[Records from a collection]
____________

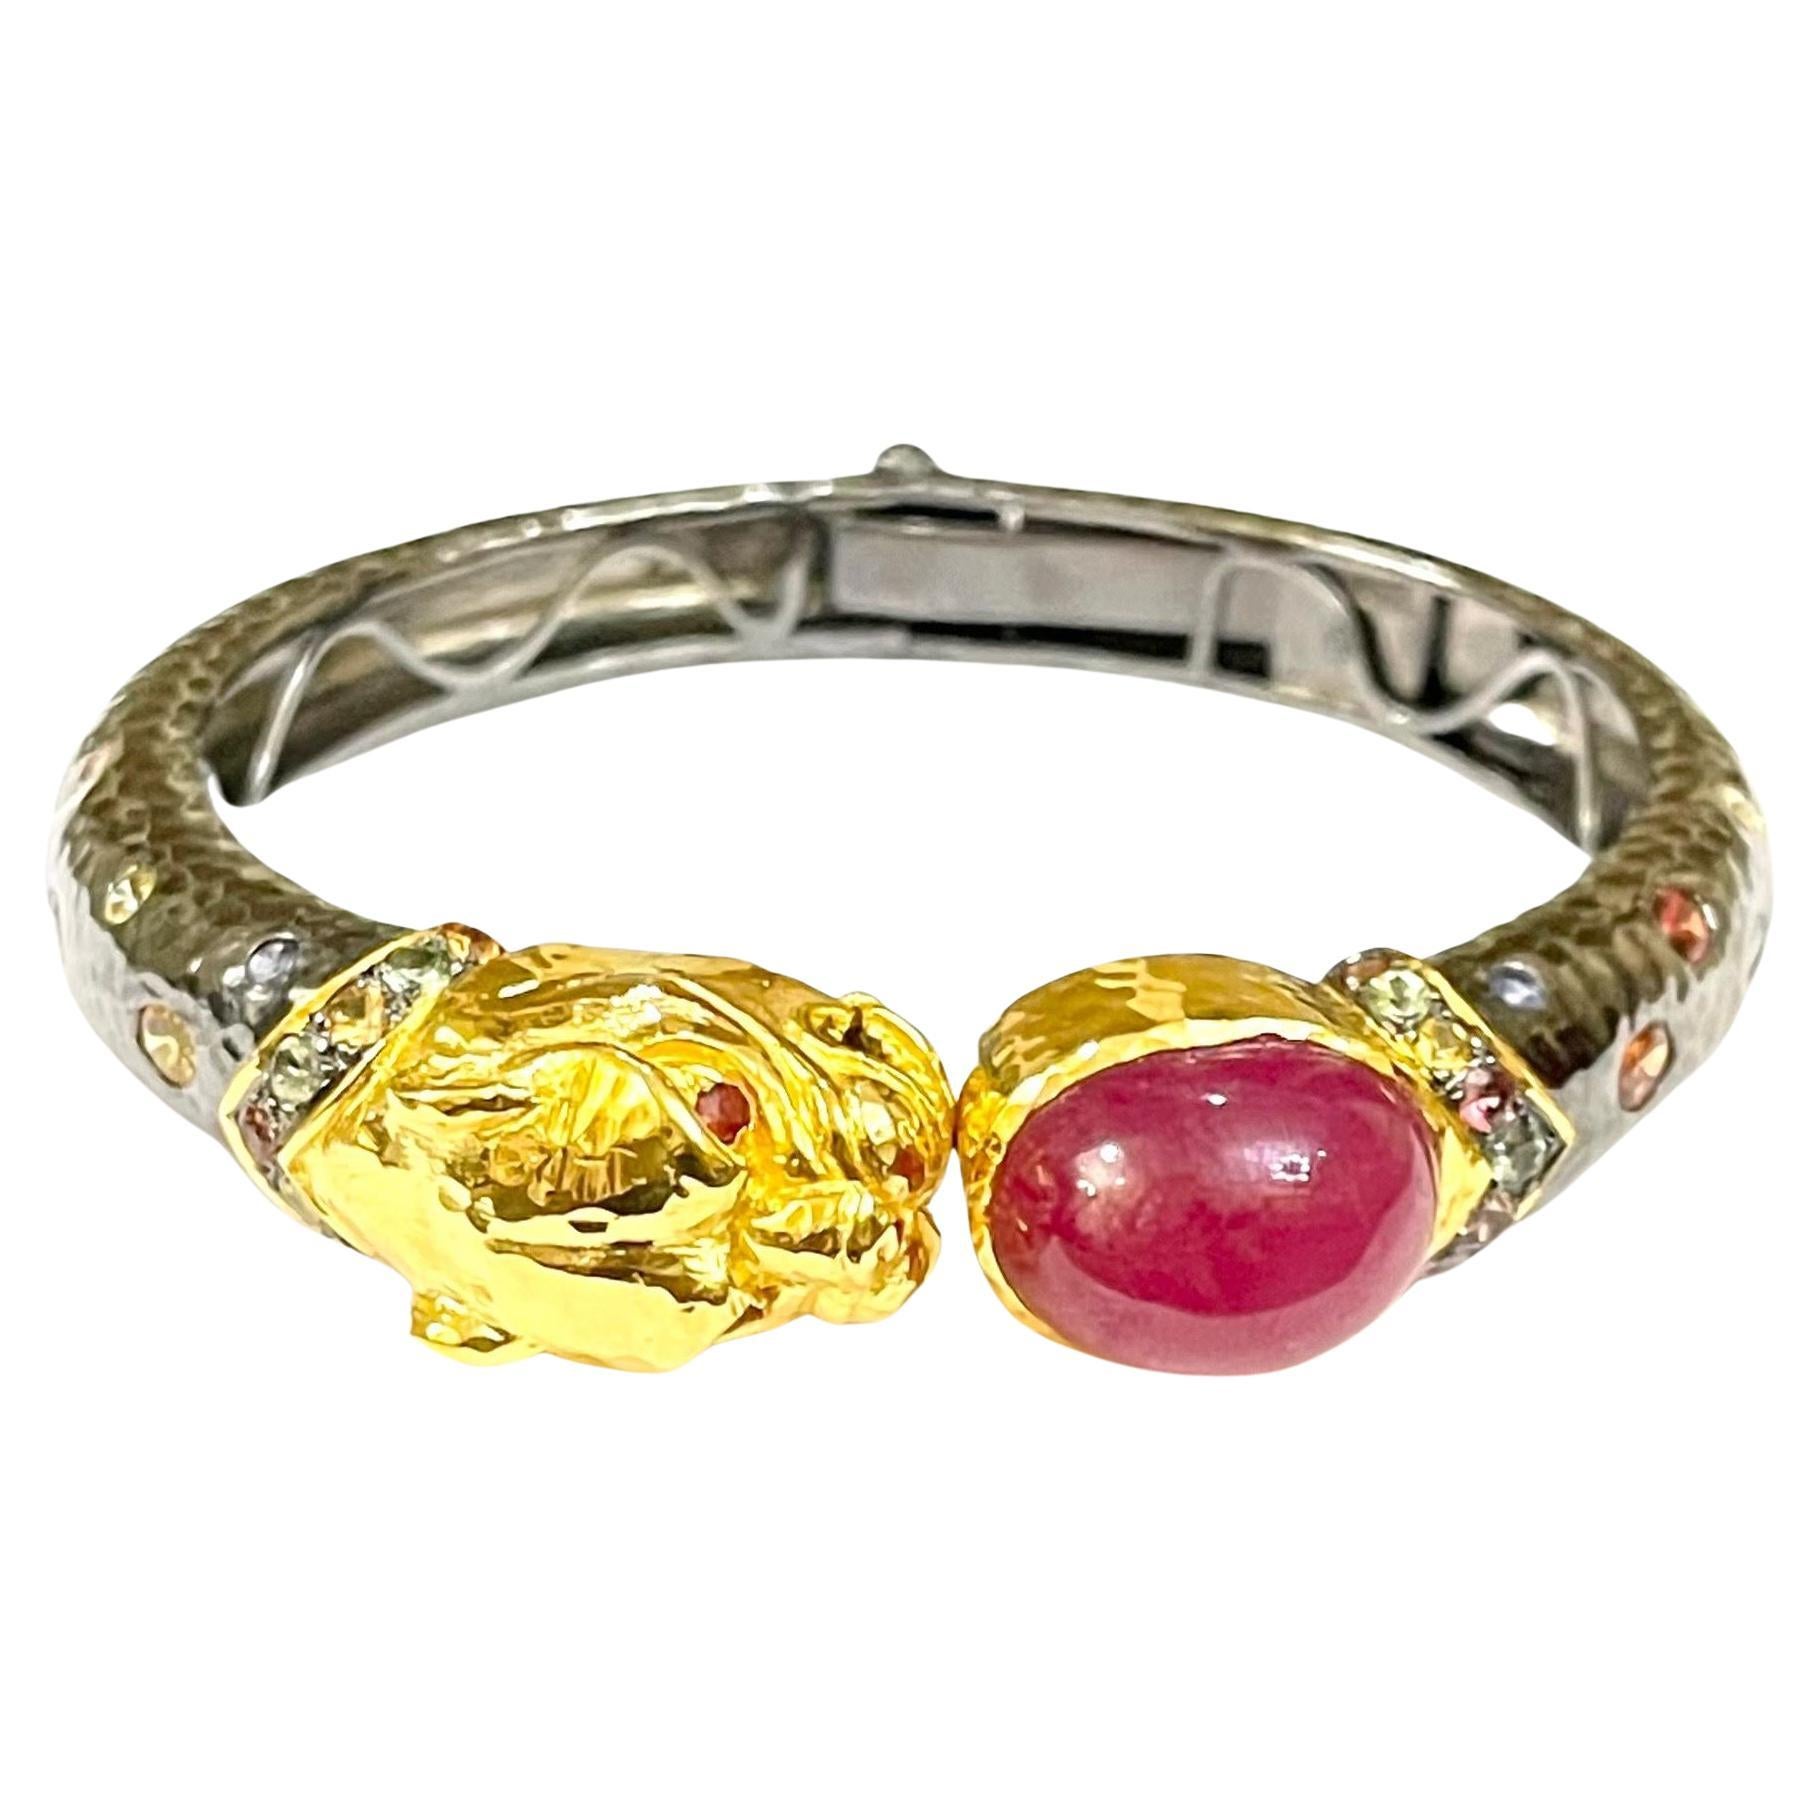 Bochic “Orient” Bangle set 22K Gold & Silver Ruby & Sapphires 
Natural Multi Color Sapphire from Sri Lanka  - 3 carats 
Sapphire colors, Red, Orange and Pink
Red Natural Ruby Cabochon - 21 Carats 
Set in 22K Gold and Silver 950
This Bangle is
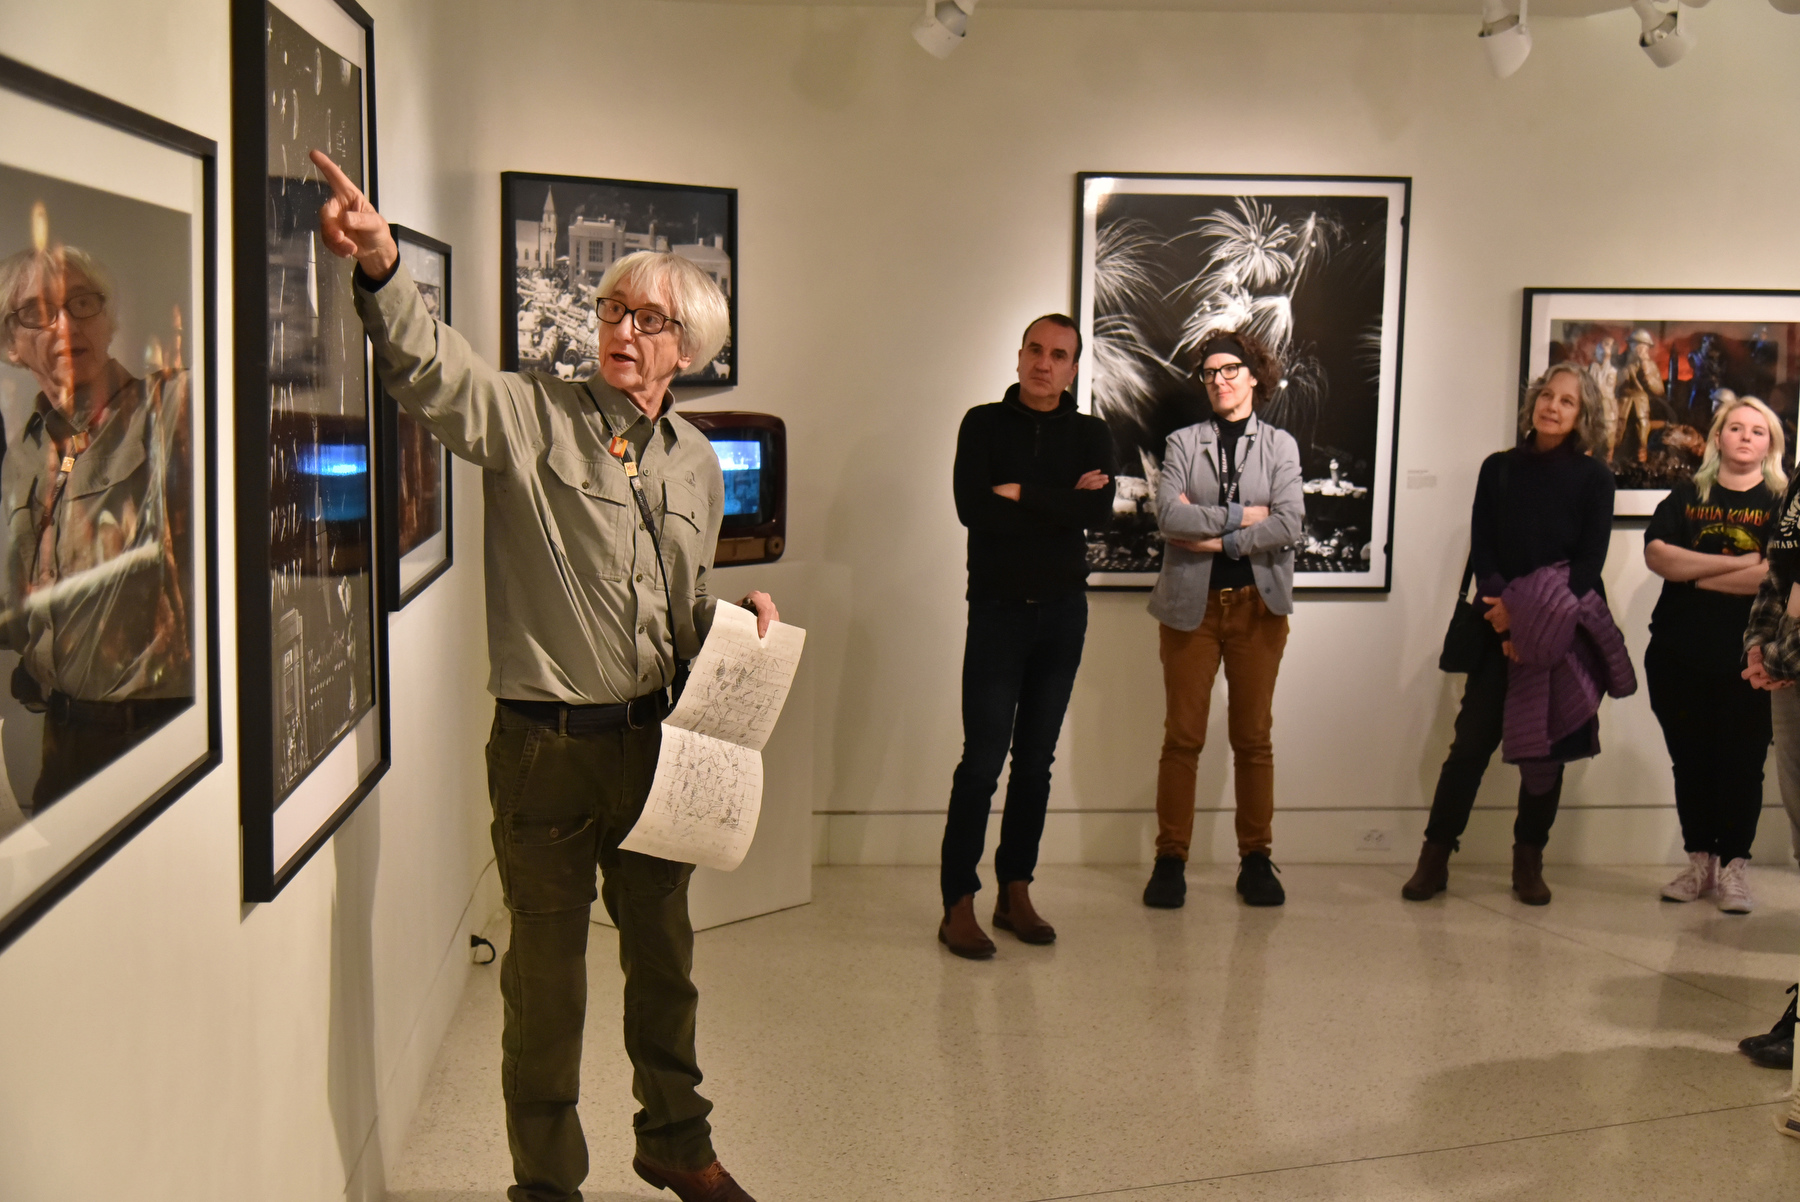 Syracuse area artist, photographer and educator Paul Pearce, who earned his master's degree from SUNY Oswego in 1982 and taught art and photography here from 2003 to 2013, led an artist's talk Feb. 15 about  "Fire for Effect" on exhibit in Tyler Art Gallery.

____________

Problem to solve —
An exact reproduction of every record above is required, with no pictures included.

Result for this exercise —
 Bochic “Orient” Bangle set 22K Gold & Silver Ruby & Sapphires 
Natural Multi Color Sapphire from Sri Lanka  - 3 carats 
Sapphire colors, Red, Orange and Pink
Red Natural Ruby Cabochon - 21 Carats 
Set in 22K Gold and Silver 950
This Bangle is
 Syracuse area artist, photographer and educator Paul Pearce, who earned his master's degree from SUNY Oswego in 1982 and taught art and photography here from 2003 to 2013, led an artist's talk Feb. 15 about  "Fire for Effect" on exhibit in Tyler Art Gallery.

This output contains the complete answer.